2. Writing the Dissociation Equation
When $MX_2$ dissolves slightly in water, it dissociates according to the following equation:
$MX_2 \rightleftharpoons M^{2+} + 2X^{-}$
Let $s$ be the solubility of $MX_2$, i.e., the molar amount (in mol/L) of $MX_2$ that dissolves to reach equilibrium.

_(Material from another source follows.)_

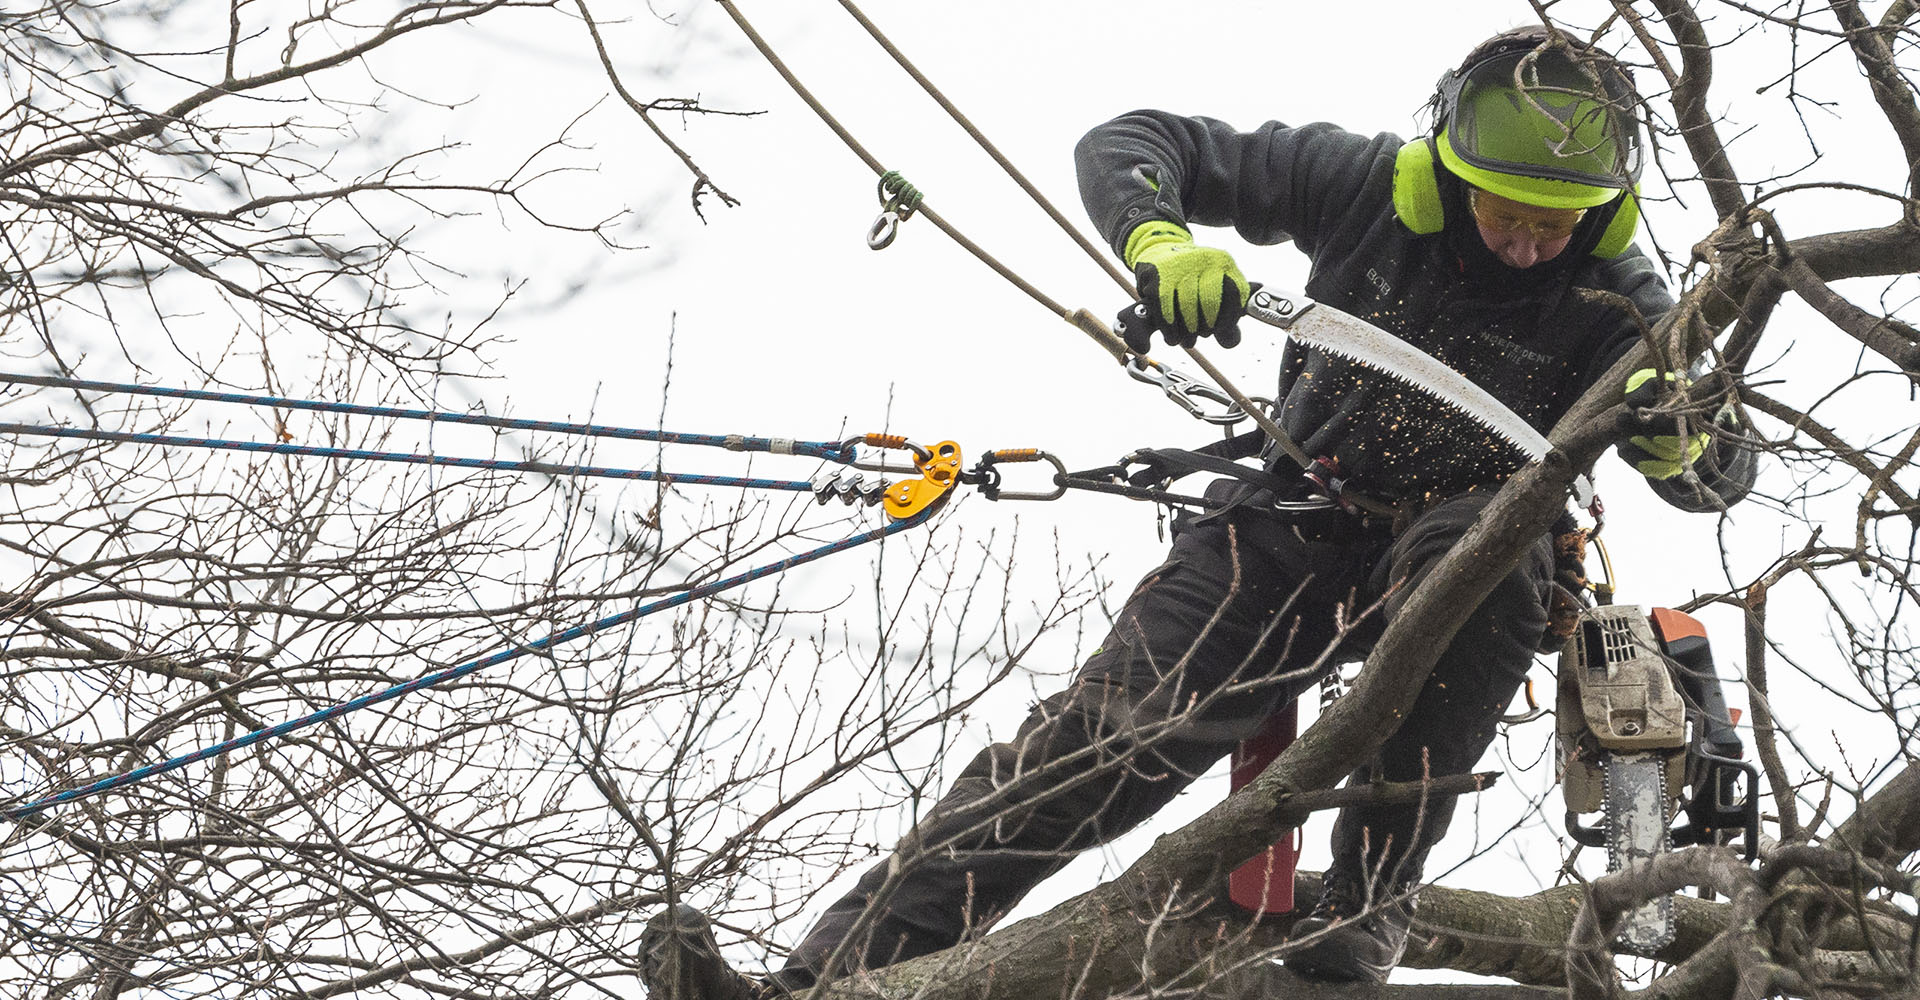 Independent Tree arborist doing dormant pruning in a tree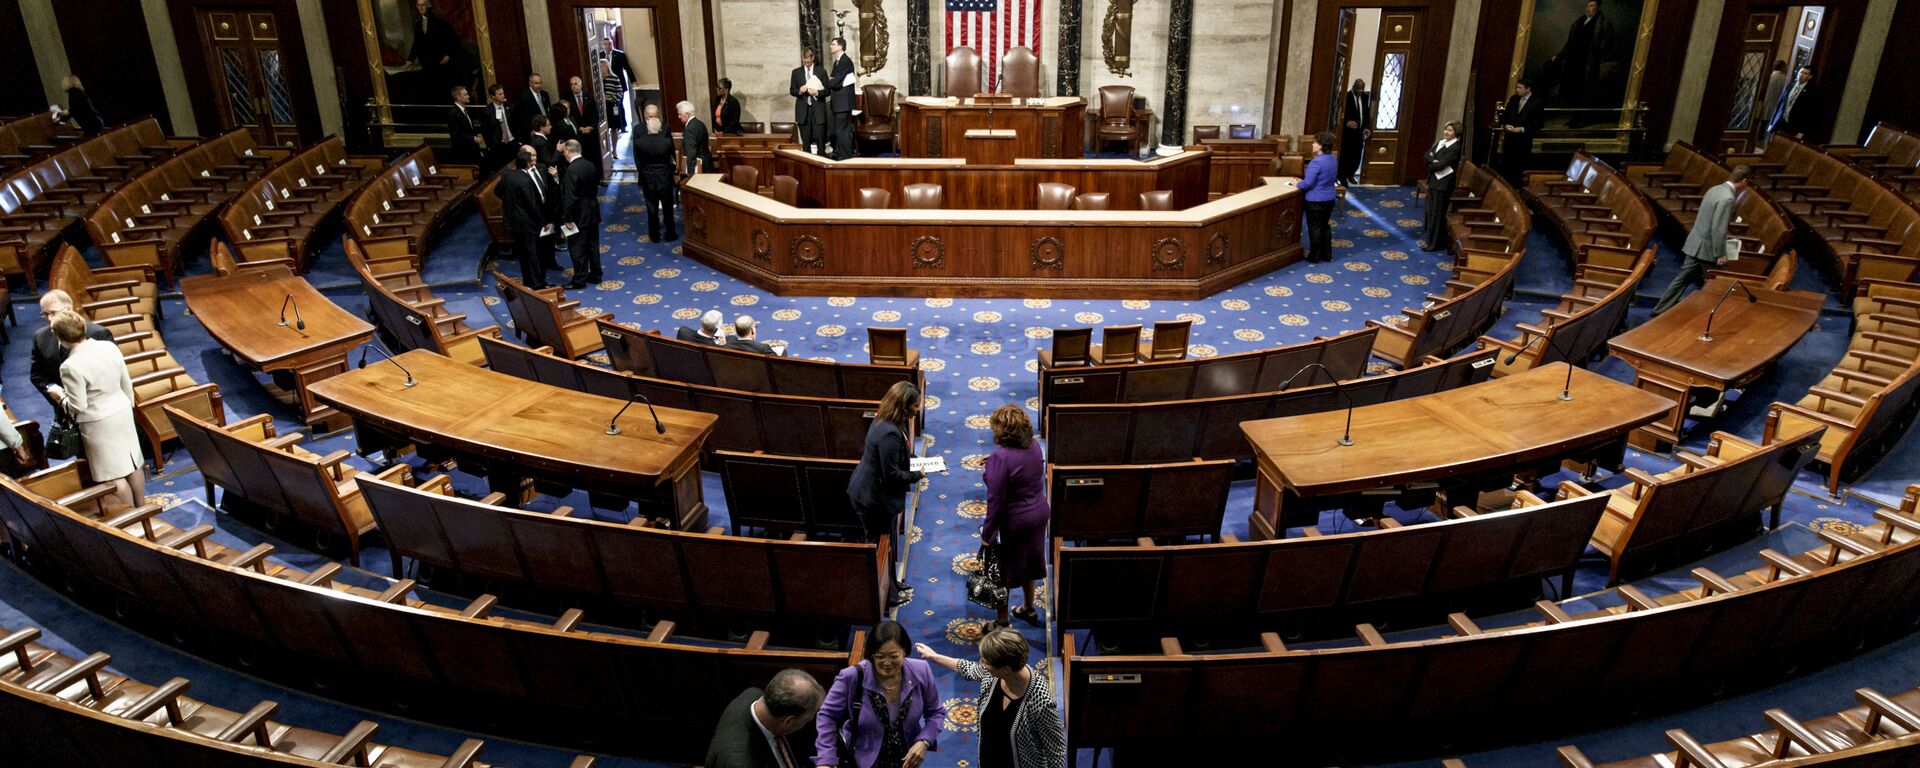 The chamber of the House of Representatives empties following a joint meeting of Congress, at the Capitol in Washington, Thursday, Sept. 18, 2014, with visiting Ukranian President Petro Poroshenko. The House and Senate are wrapping up business and heading to their home states for the weeks leading up to the midterm elections - Sputnik International, 1920, 26.10.2022

3. Expressing $K_{sp}$ in Terms of $s$
From the dissociation equation, the concentration of $M^{2+}$ will be $s$, while the concentration of $X^{-}$ will be $2s$. Therefore, the solubility product is given by:
$K_{sp} = [M^{2+}][X^{-}]^2 = (s)\bigl(2s\bigr)^2 = s \times 4s^2 = 4s^3$
4. Solving for $s$
We know $K_{sp} = 4 \times 10^{-12}$. Thus,
$4 \times 10^{-12} = 4s^3$
Dividing both sides by 4,
$10^{-12} = s^3$
Therefore,
$s = 10^{-4}$
5. Determining the Concentration of $M^{2+}$
Since $[M^{2+}] = s$,
$[M^{2+}] = 1.0 \times 10^{-4}\,\text{M}$
Hence, the concentration of $M^{2+}$ ions in the solution is $1.0 \times 10^{-4}\,\text{M}$.